THE PROBLEM
Repeat the listing below in full and exactly, but without its pictures.

GIVEN MATERIAL
*-*-*

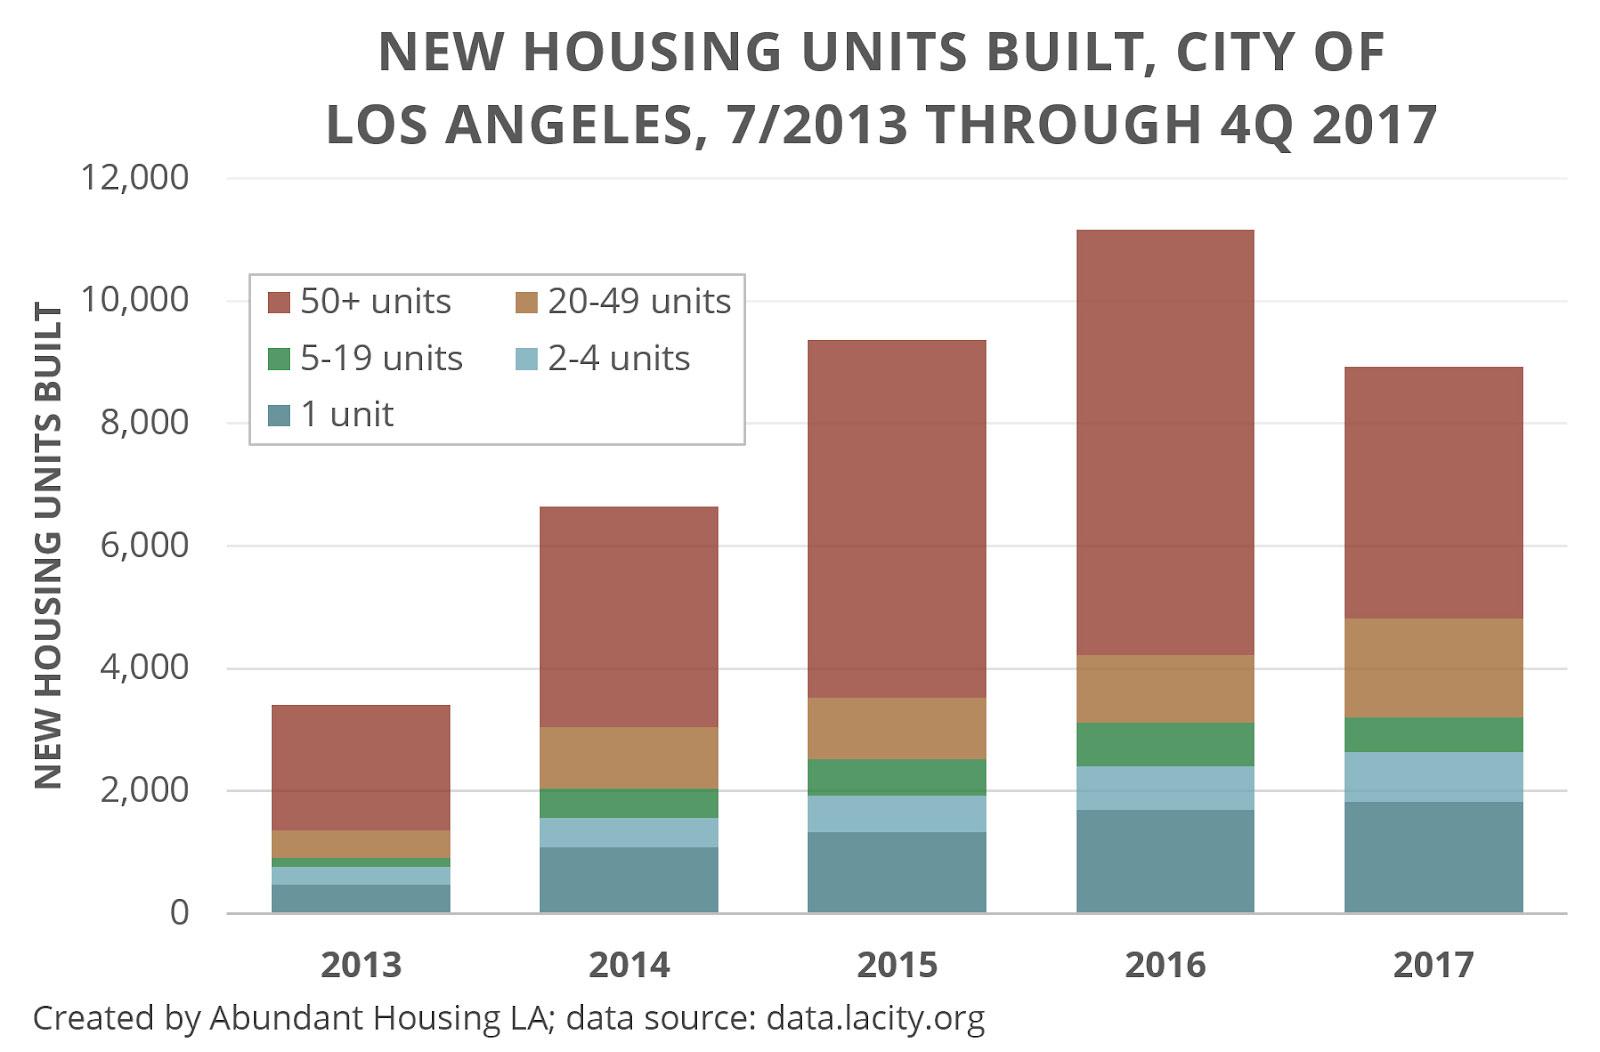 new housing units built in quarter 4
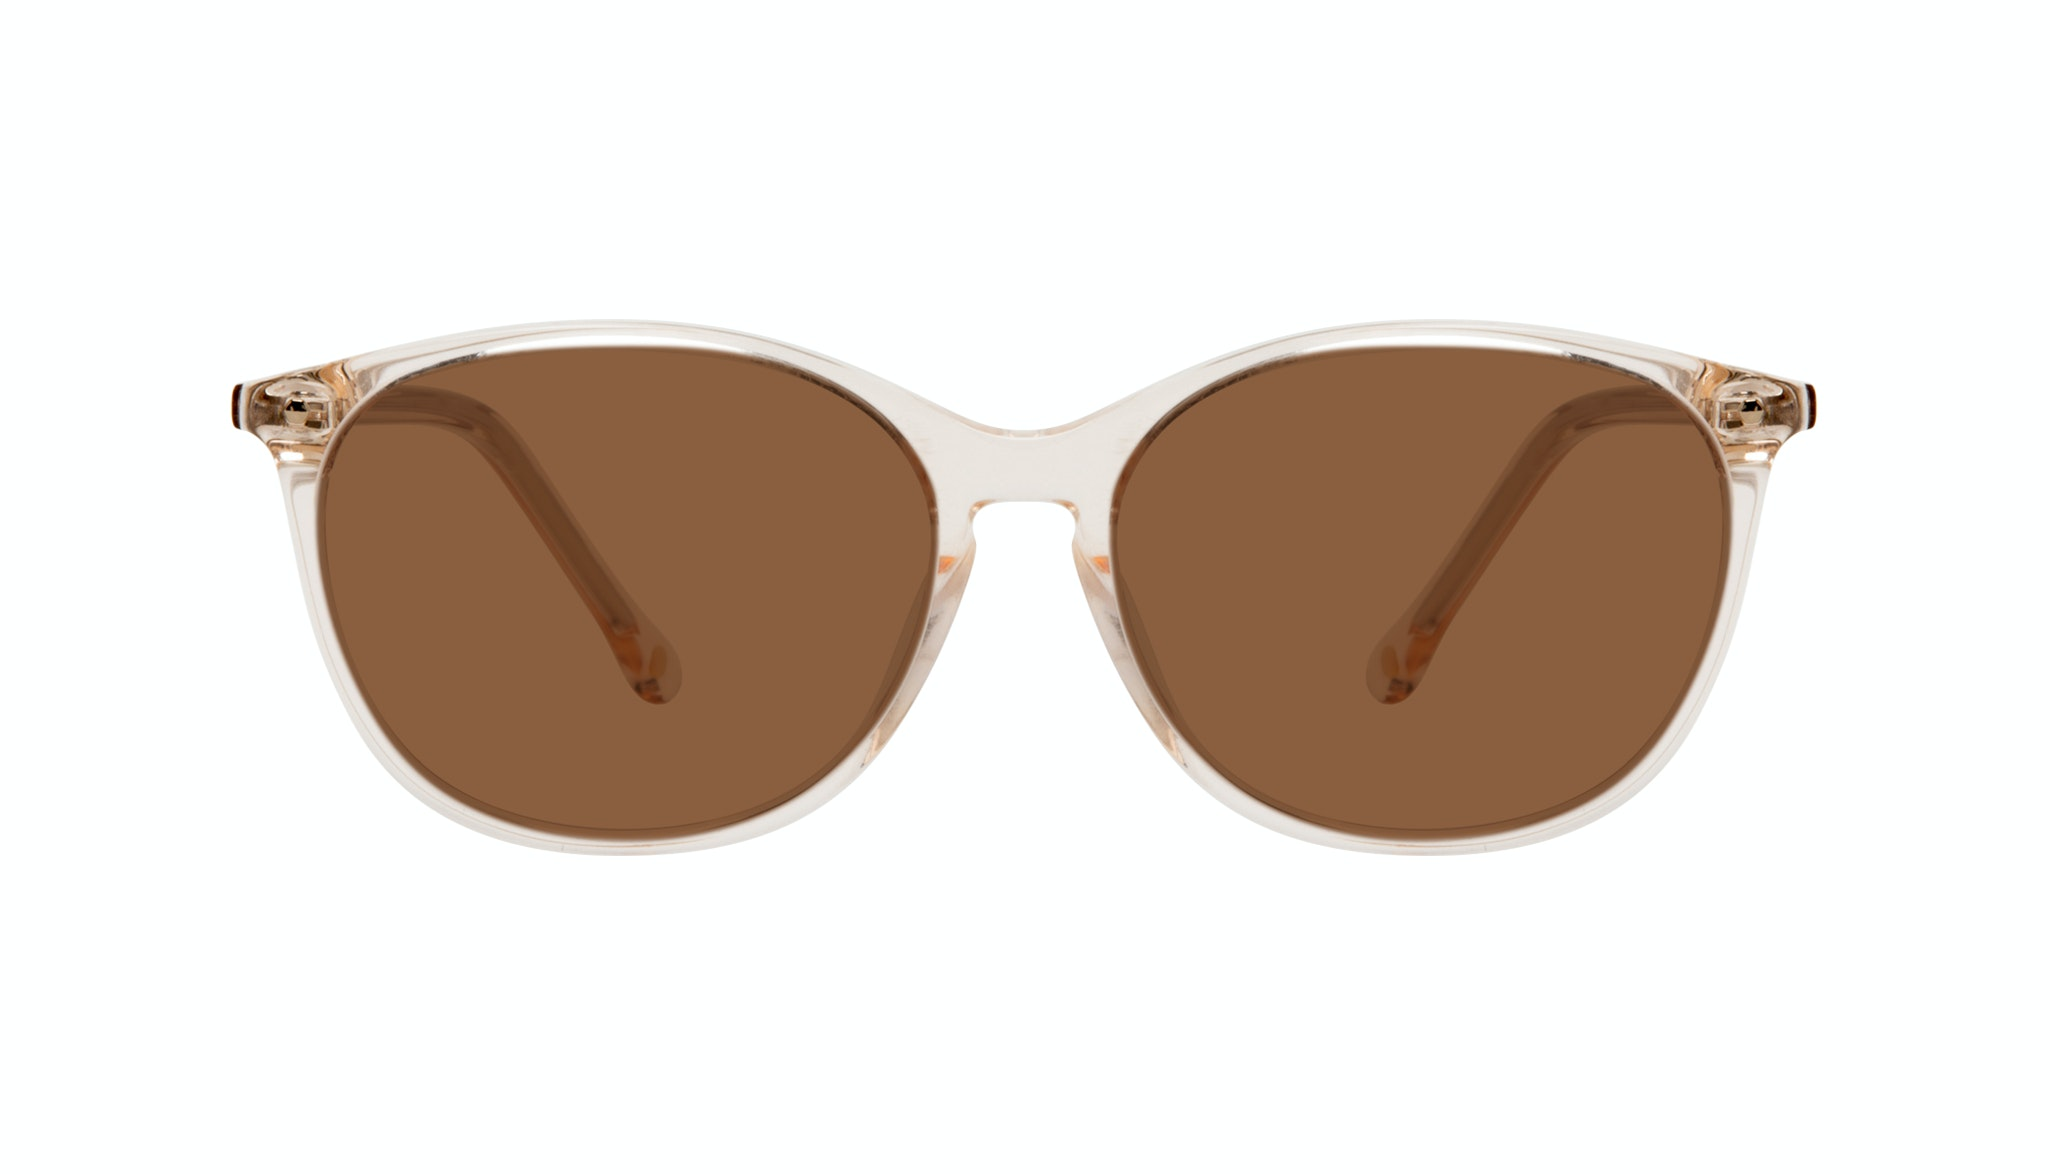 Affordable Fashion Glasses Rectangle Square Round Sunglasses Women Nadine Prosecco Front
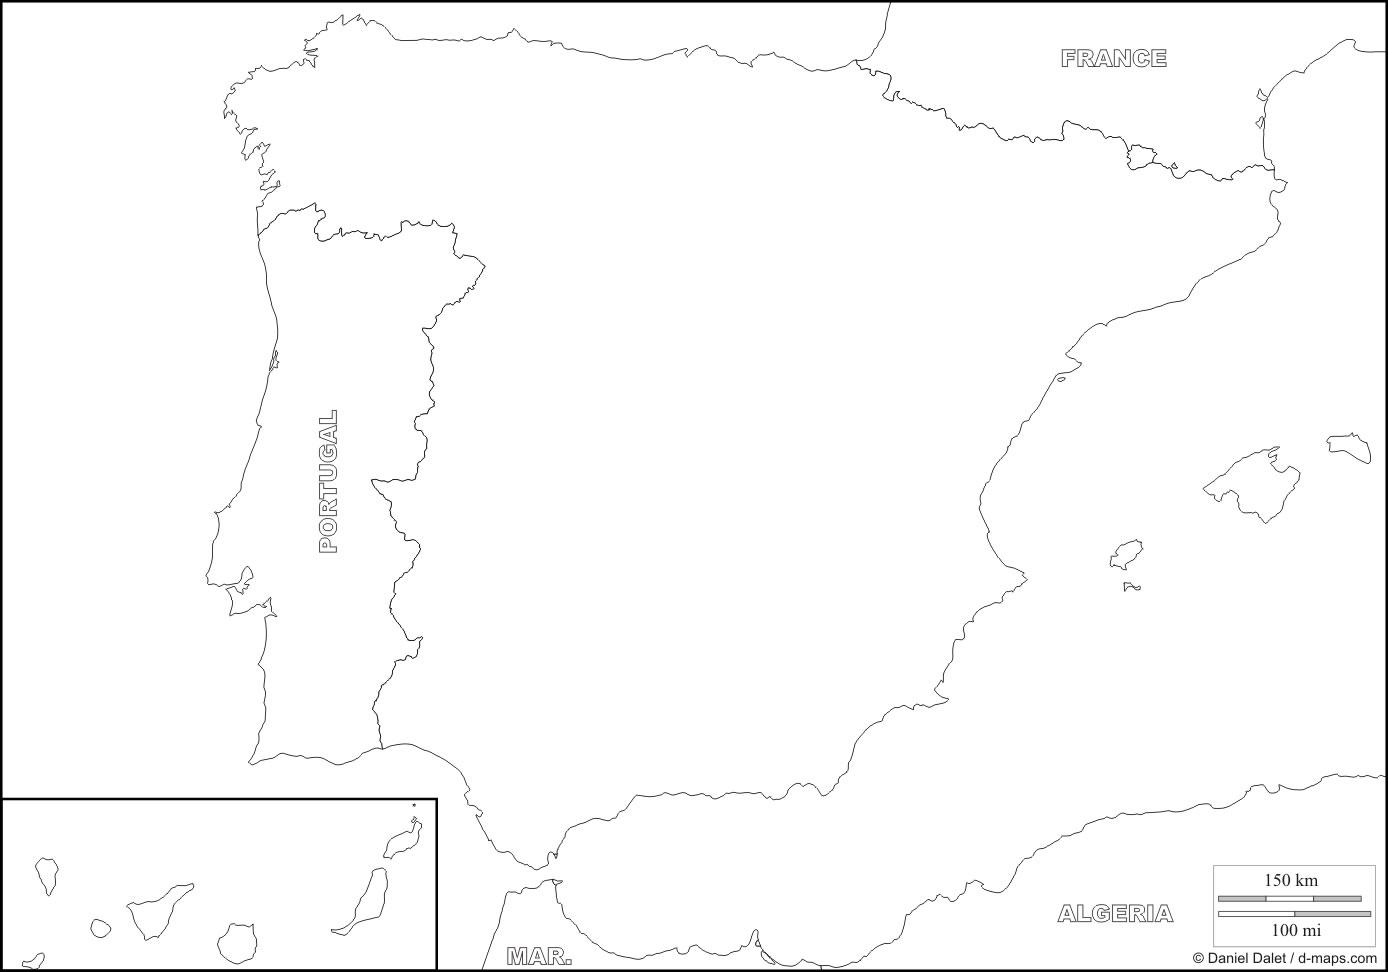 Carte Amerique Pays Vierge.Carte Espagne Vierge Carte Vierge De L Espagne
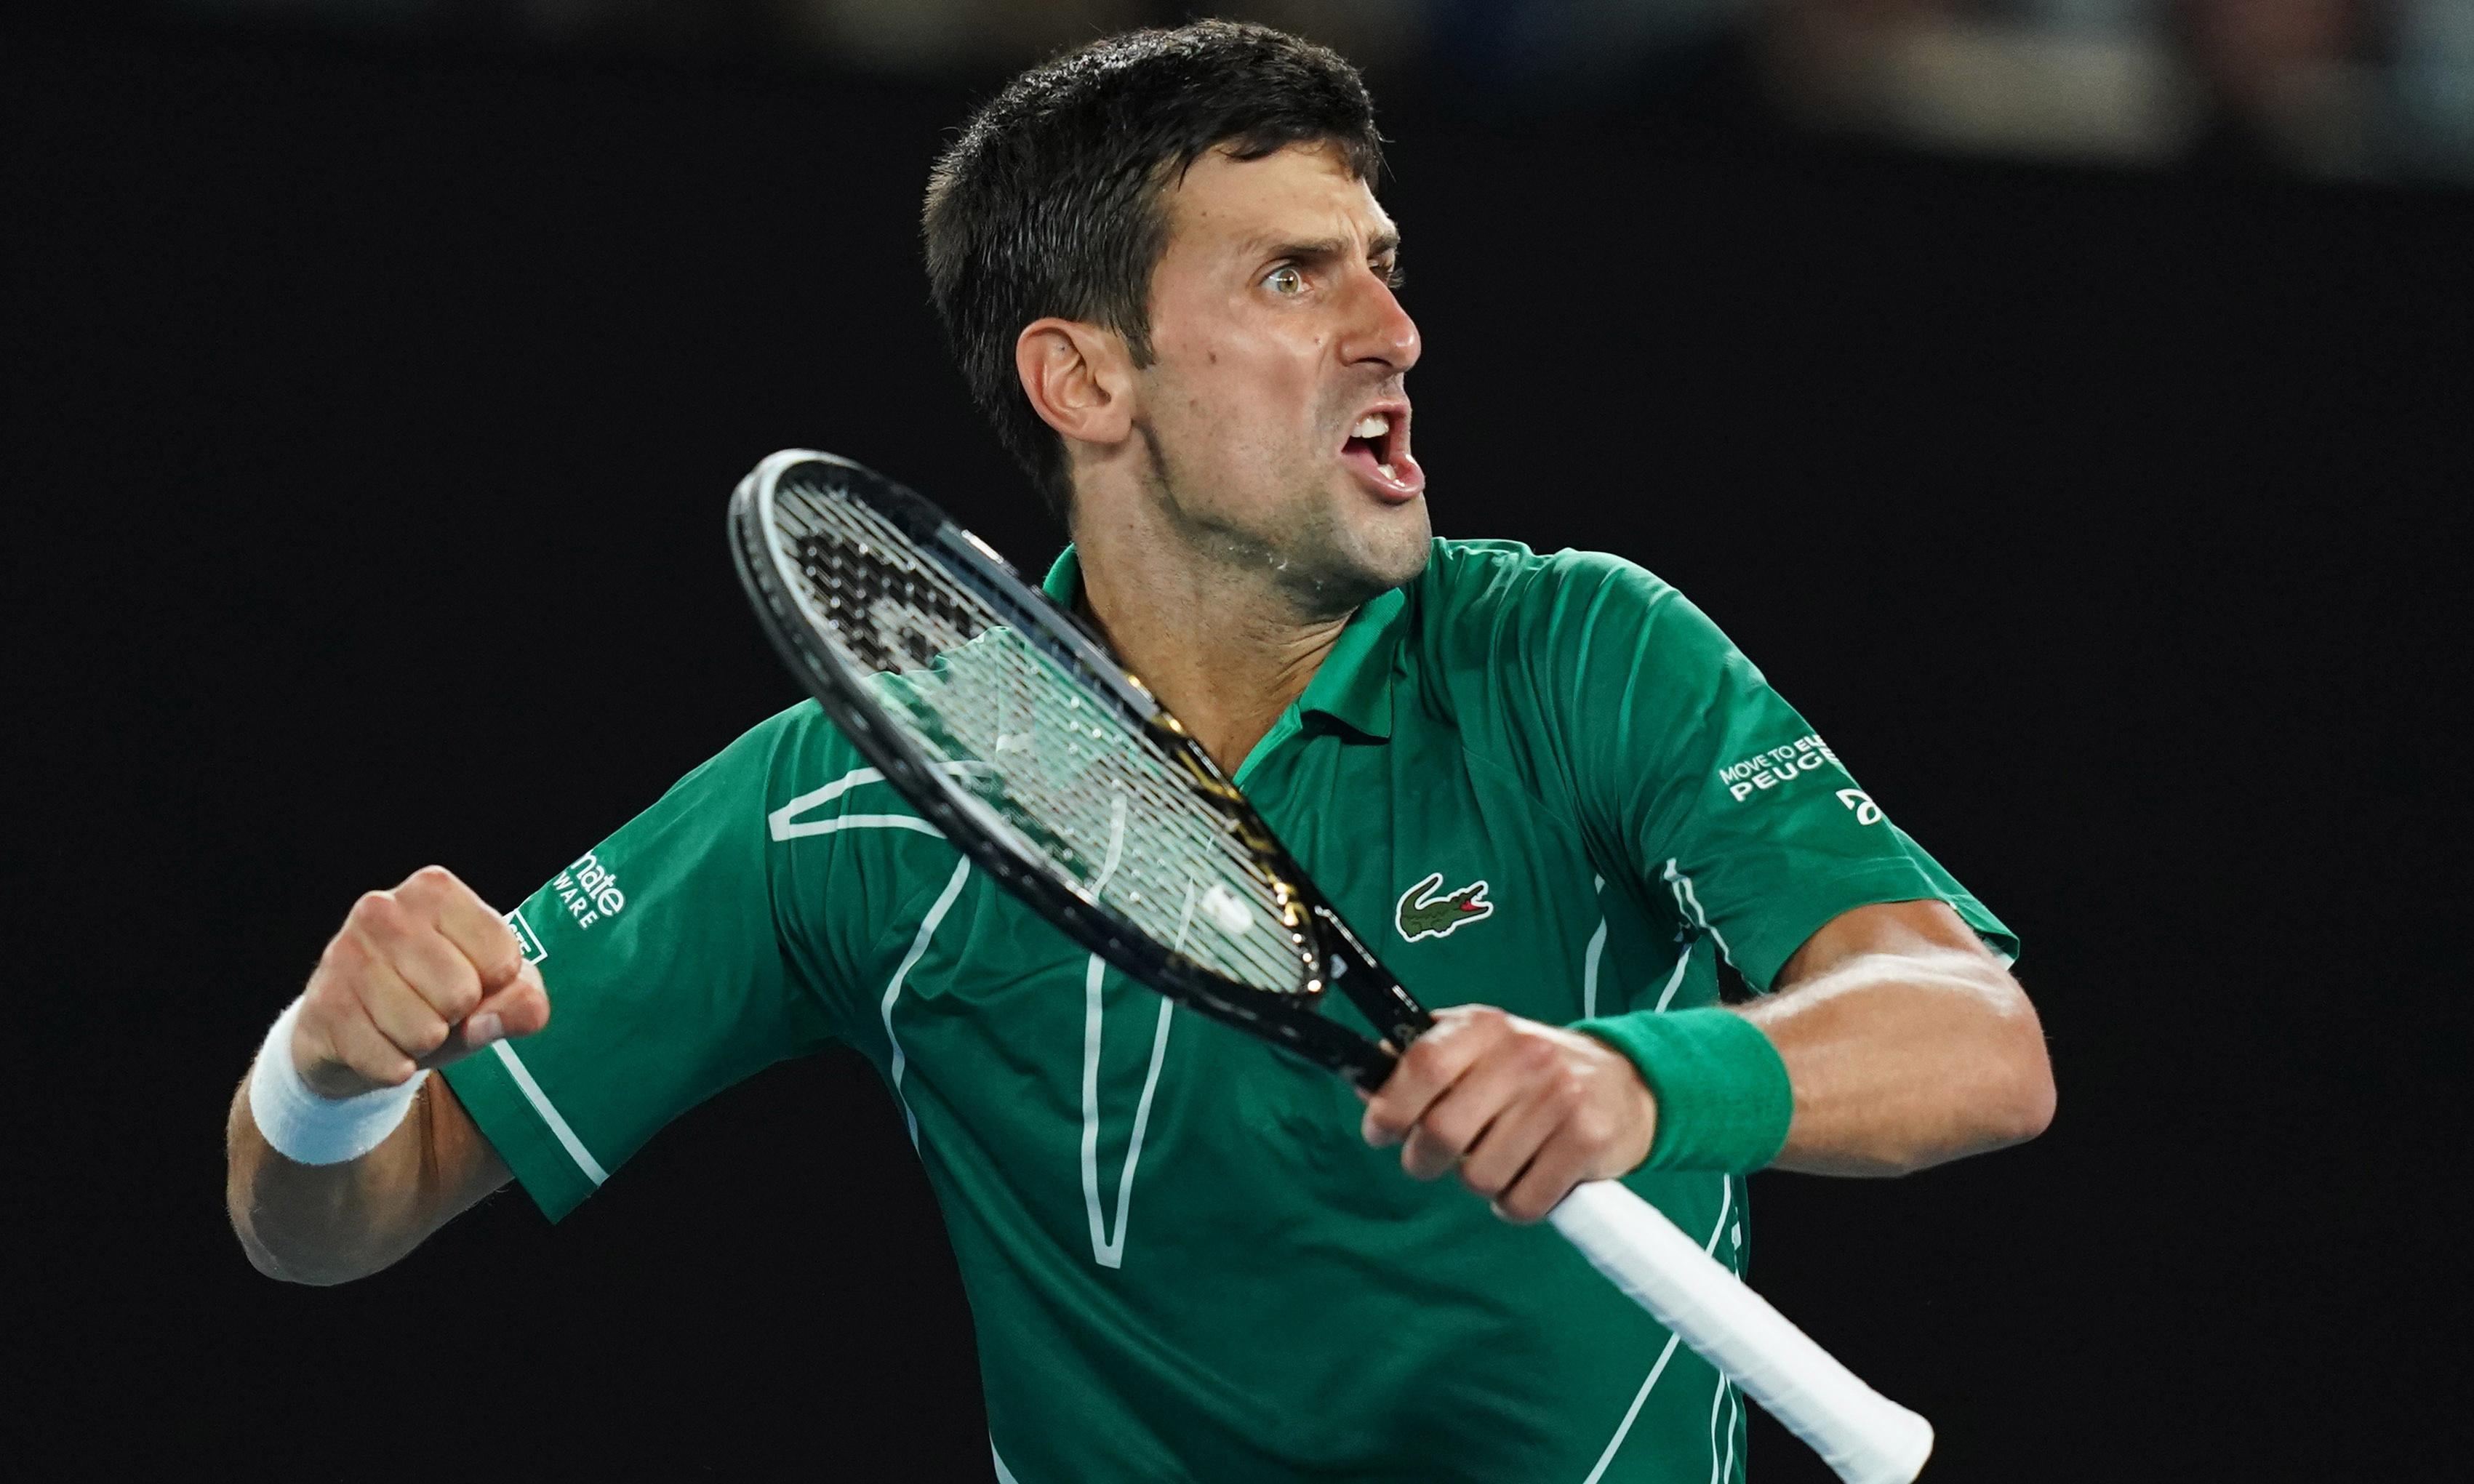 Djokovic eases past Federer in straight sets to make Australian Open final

*-*-*

EXERCISE RESPONSE
 new housing units built in quarter 4
 Affordable Fashion Glasses Rectangle Square Round Sunglasses Women Nadine Prosecco Front
 Carte Amerique Pays Vierge.Carte Espagne Vierge Carte Vierge De L Espagne
 Djokovic eases past Federer in straight sets to make Australian Open final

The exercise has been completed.